* **Problem description**: Every line in the data below has to be repeated exactly; no picture belongs in the result.

* **Provided data**:
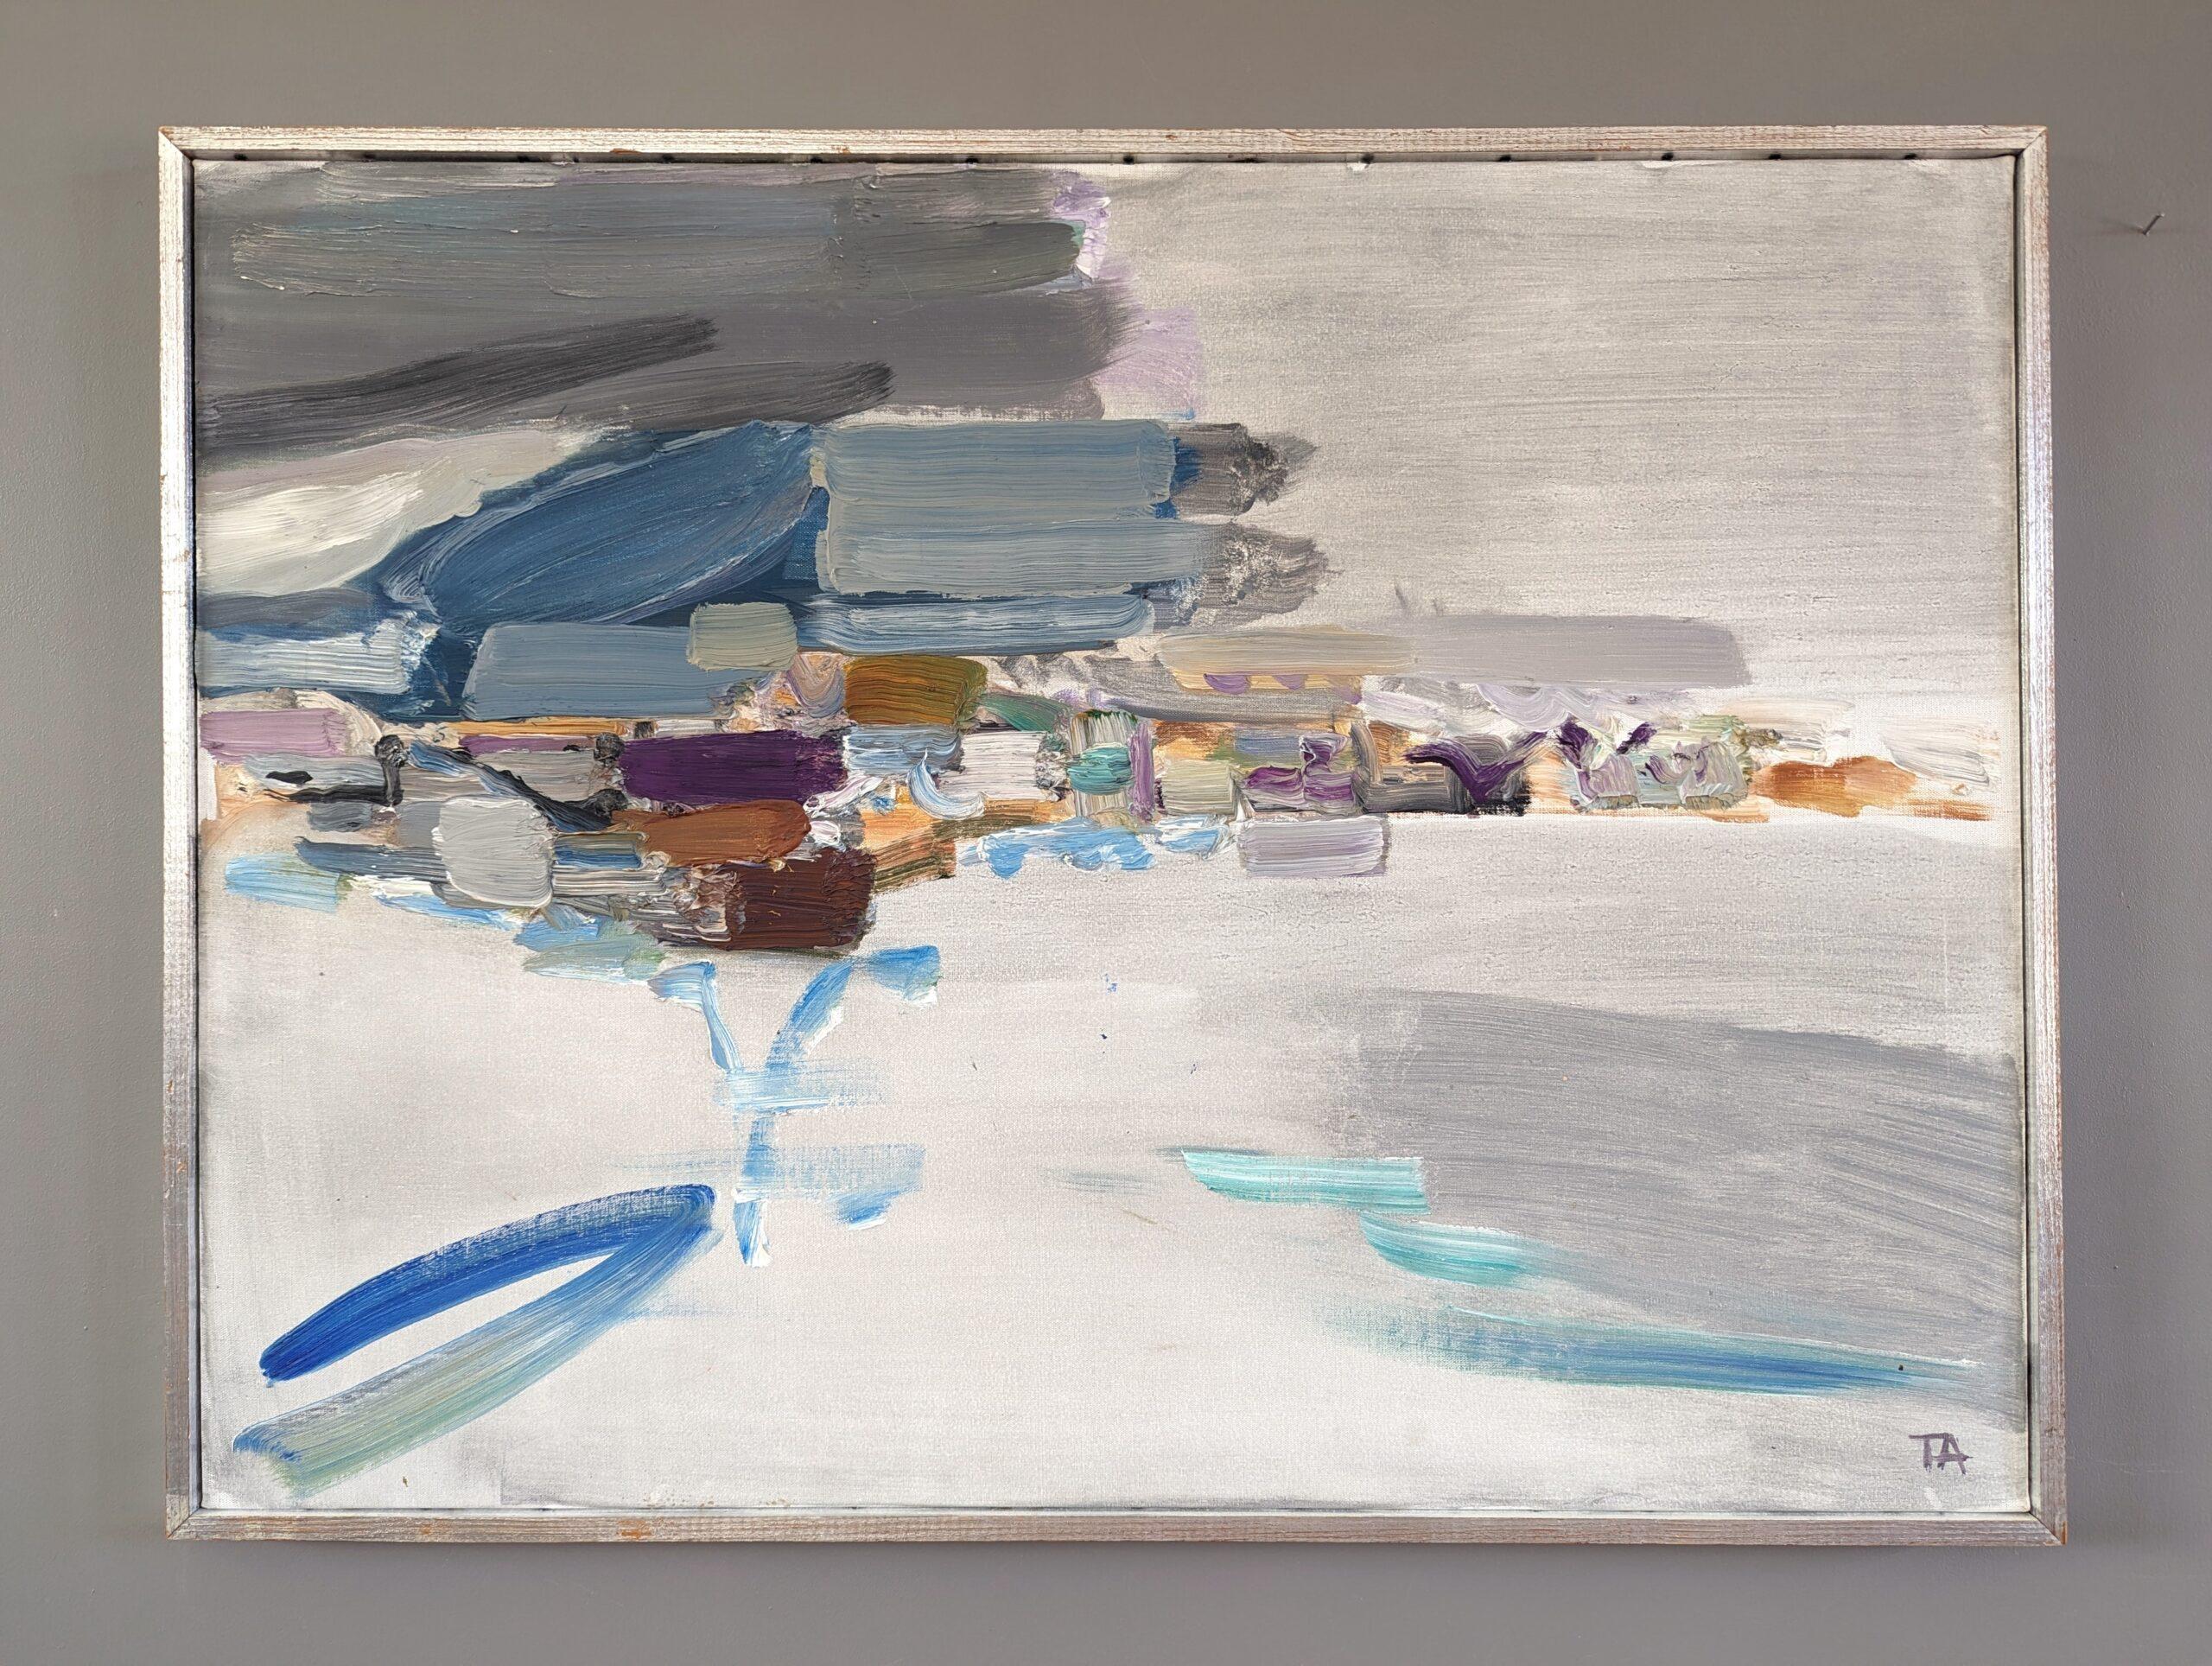 COASTAL THUNDERSTORM
Size: 52.5 x 70 cm (including frame)
Oil on Canvas

An emotive and wonderfully executed mid-century abstract artwork, painted in oil onto canvas and dated 1963.

Captured through dynamic brushwork and a bold abstraction of form,
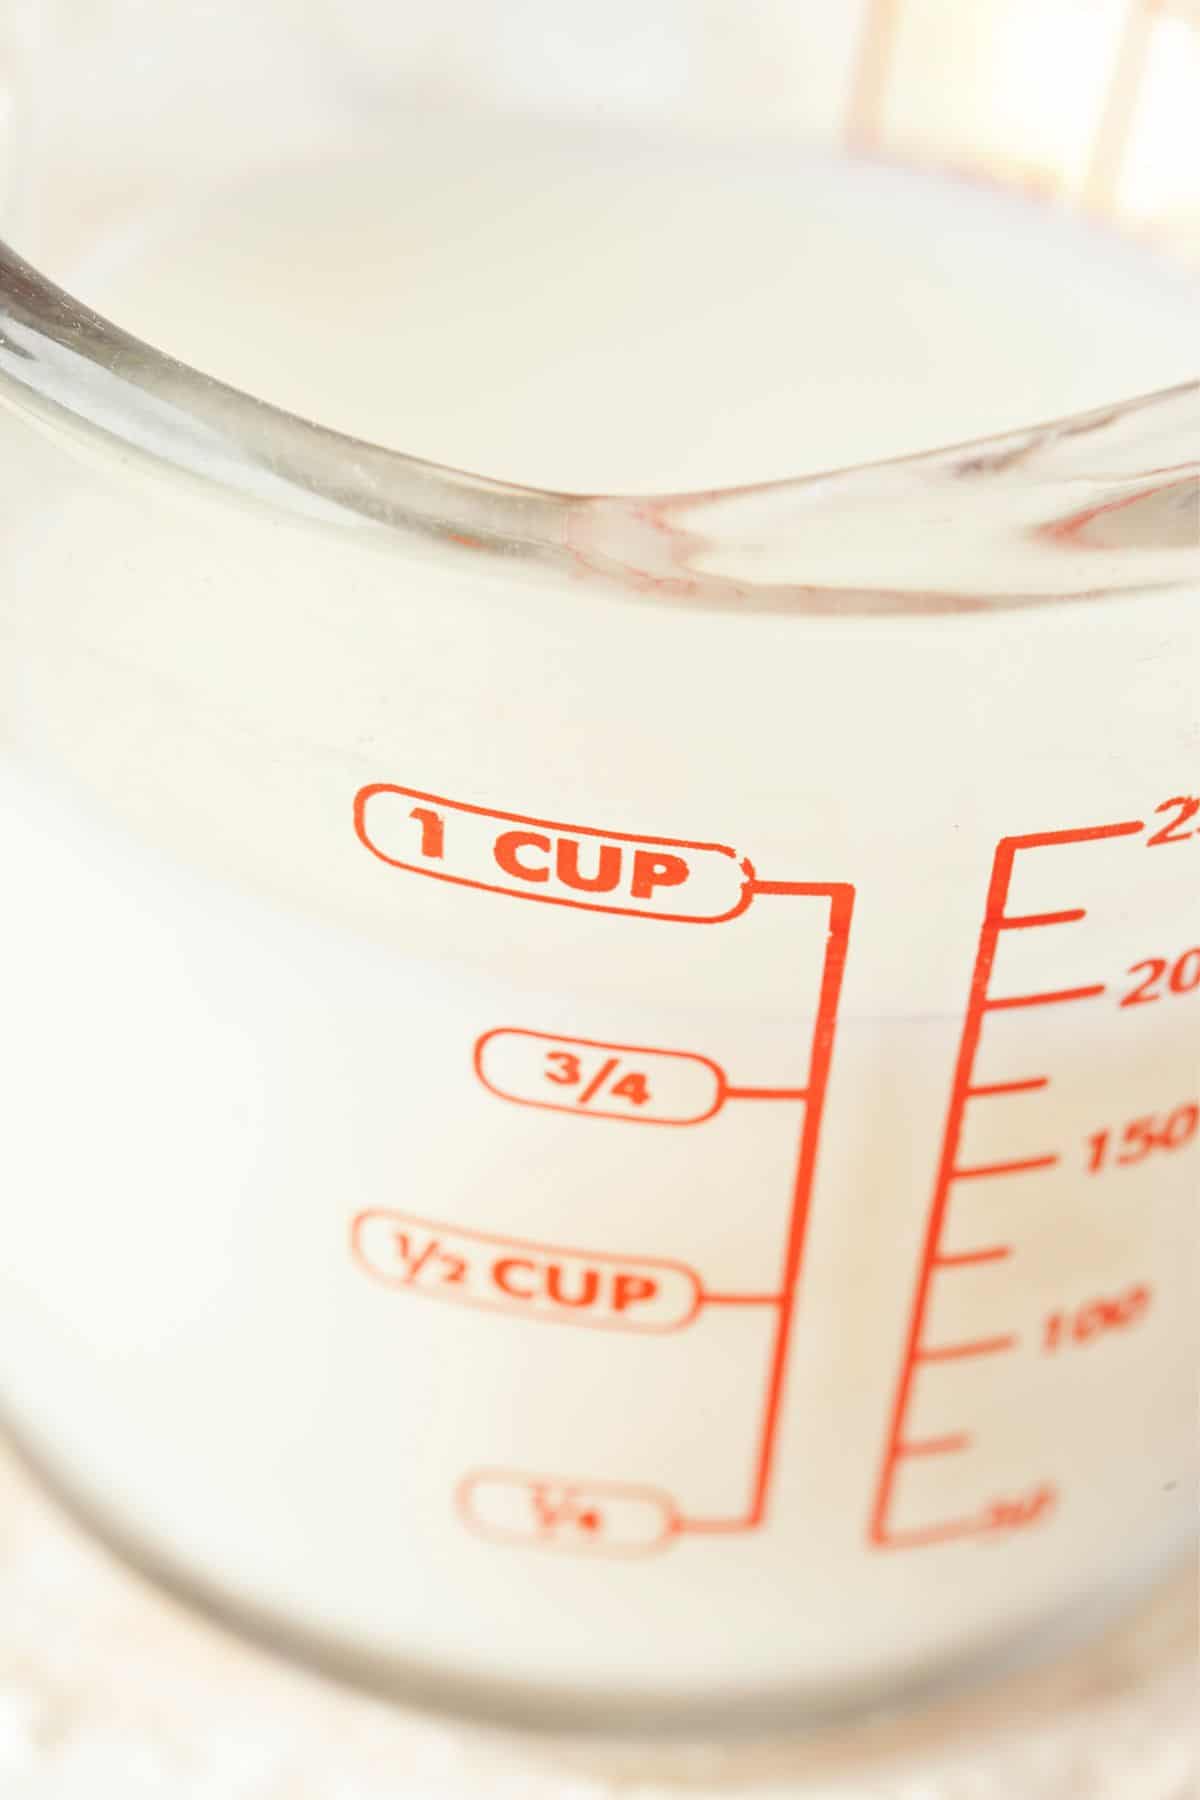 A measuring cup with milk in it an units of measurement on the side
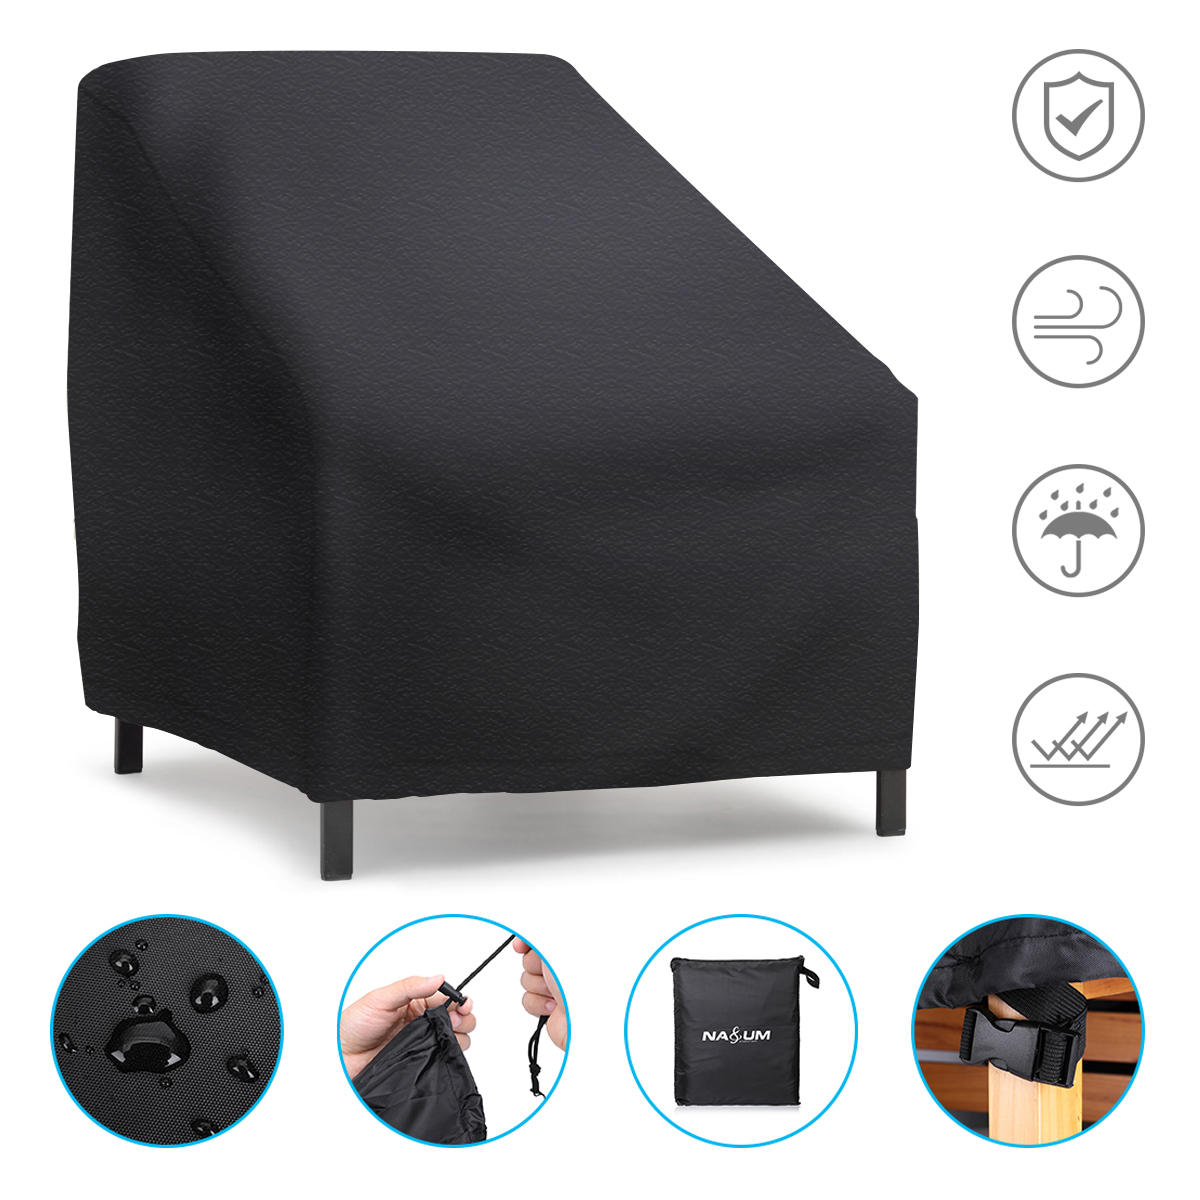 Waterproof Outdoor Chair Sofa Covers High-density Nylon Oxford Furniture Protection Case

* **Answer**:
 COASTAL THUNDERSTORM
Size: 52.5 x 70 cm (including frame)
Oil on Canvas

An emotive and wonderfully executed mid-century abstract artwork, painted in oil onto canvas and dated 1963.

Captured through dynamic brushwork and a bold abstraction of form,
 A measuring cup with milk in it an units of measurement on the side
 Waterproof Outdoor Chair Sofa Covers High-density Nylon Oxford Furniture Protection Case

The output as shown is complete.